## Records supplied:
* * * * * * *
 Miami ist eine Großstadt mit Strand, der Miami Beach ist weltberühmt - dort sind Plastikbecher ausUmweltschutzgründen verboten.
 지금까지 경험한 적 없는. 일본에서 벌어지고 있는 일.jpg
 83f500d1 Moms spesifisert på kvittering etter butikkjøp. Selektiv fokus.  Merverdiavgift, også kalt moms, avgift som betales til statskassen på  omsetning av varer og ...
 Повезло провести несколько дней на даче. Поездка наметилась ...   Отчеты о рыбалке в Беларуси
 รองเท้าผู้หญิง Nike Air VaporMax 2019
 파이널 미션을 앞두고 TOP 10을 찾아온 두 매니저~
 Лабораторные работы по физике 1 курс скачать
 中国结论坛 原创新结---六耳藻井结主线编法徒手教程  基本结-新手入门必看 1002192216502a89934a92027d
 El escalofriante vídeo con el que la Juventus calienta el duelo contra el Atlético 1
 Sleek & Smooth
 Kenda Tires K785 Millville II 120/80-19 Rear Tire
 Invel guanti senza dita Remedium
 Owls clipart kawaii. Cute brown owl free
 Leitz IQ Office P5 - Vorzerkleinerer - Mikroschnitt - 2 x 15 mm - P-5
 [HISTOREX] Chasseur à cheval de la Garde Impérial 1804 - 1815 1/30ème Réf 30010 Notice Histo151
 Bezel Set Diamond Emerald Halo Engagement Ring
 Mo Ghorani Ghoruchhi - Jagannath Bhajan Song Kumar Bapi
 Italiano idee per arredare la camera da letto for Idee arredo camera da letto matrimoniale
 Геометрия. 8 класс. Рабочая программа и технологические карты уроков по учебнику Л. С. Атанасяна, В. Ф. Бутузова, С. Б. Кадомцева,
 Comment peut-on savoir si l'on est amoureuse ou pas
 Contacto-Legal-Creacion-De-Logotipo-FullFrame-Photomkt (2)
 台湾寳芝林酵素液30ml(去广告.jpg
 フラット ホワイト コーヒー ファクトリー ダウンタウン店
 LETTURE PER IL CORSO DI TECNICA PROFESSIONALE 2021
* * * * * * *
## Task item:
What's needed is a word-for-word restatement of all the entries.

## Exercise output:
 Miami ist eine Großstadt mit Strand, der Miami Beach ist weltberühmt - dort sind Plastikbecher ausUmweltschutzgründen verboten.
 지금까지 경험한 적 없는. 일본에서 벌어지고 있는 일.jpg
 83f500d1 Moms spesifisert på kvittering etter butikkjøp. Selektiv fokus.  Merverdiavgift, også kalt moms, avgift som betales til statskassen på  omsetning av varer og ...
 Повезло провести несколько дней на даче. Поездка наметилась ...   Отчеты о рыбалке в Беларуси
 รองเท้าผู้หญิง Nike Air VaporMax 2019
 파이널 미션을 앞두고 TOP 10을 찾아온 두 매니저~
 Лабораторные работы по физике 1 курс скачать
 中国结论坛 原创新结---六耳藻井结主线编法徒手教程  基本结-新手入门必看 1002192216502a89934a92027d
 El escalofriante vídeo con el que la Juventus calienta el duelo contra el Atlético 1
 Sleek & Smooth
 Kenda Tires K785 Millville II 120/80-19 Rear Tire
 Invel guanti senza dita Remedium
 Owls clipart kawaii. Cute brown owl free
 Leitz IQ Office P5 - Vorzerkleinerer - Mikroschnitt - 2 x 15 mm - P-5
 [HISTOREX] Chasseur à cheval de la Garde Impérial 1804 - 1815 1/30ème Réf 30010 Notice Histo151
 Bezel Set Diamond Emerald Halo Engagement Ring
 Mo Ghorani Ghoruchhi - Jagannath Bhajan Song Kumar Bapi
 Italiano idee per arredare la camera da letto for Idee arredo camera da letto matrimoniale
 Геометрия. 8 класс. Рабочая программа и технологические карты уроков по учебнику Л. С. Атанасяна, В. Ф. Бутузова, С. Б. Кадомцева,
 Comment peut-on savoir si l'on est amoureuse ou pas
 Contacto-Legal-Creacion-De-Logotipo-FullFrame-Photomkt (2)
 台湾寳芝林酵素液30ml(去广告.jpg
 フラット ホワイト コーヒー ファクトリー ダウンタウン店
 LETTURE PER IL CORSO DI TECNICA PROFESSIONALE 2021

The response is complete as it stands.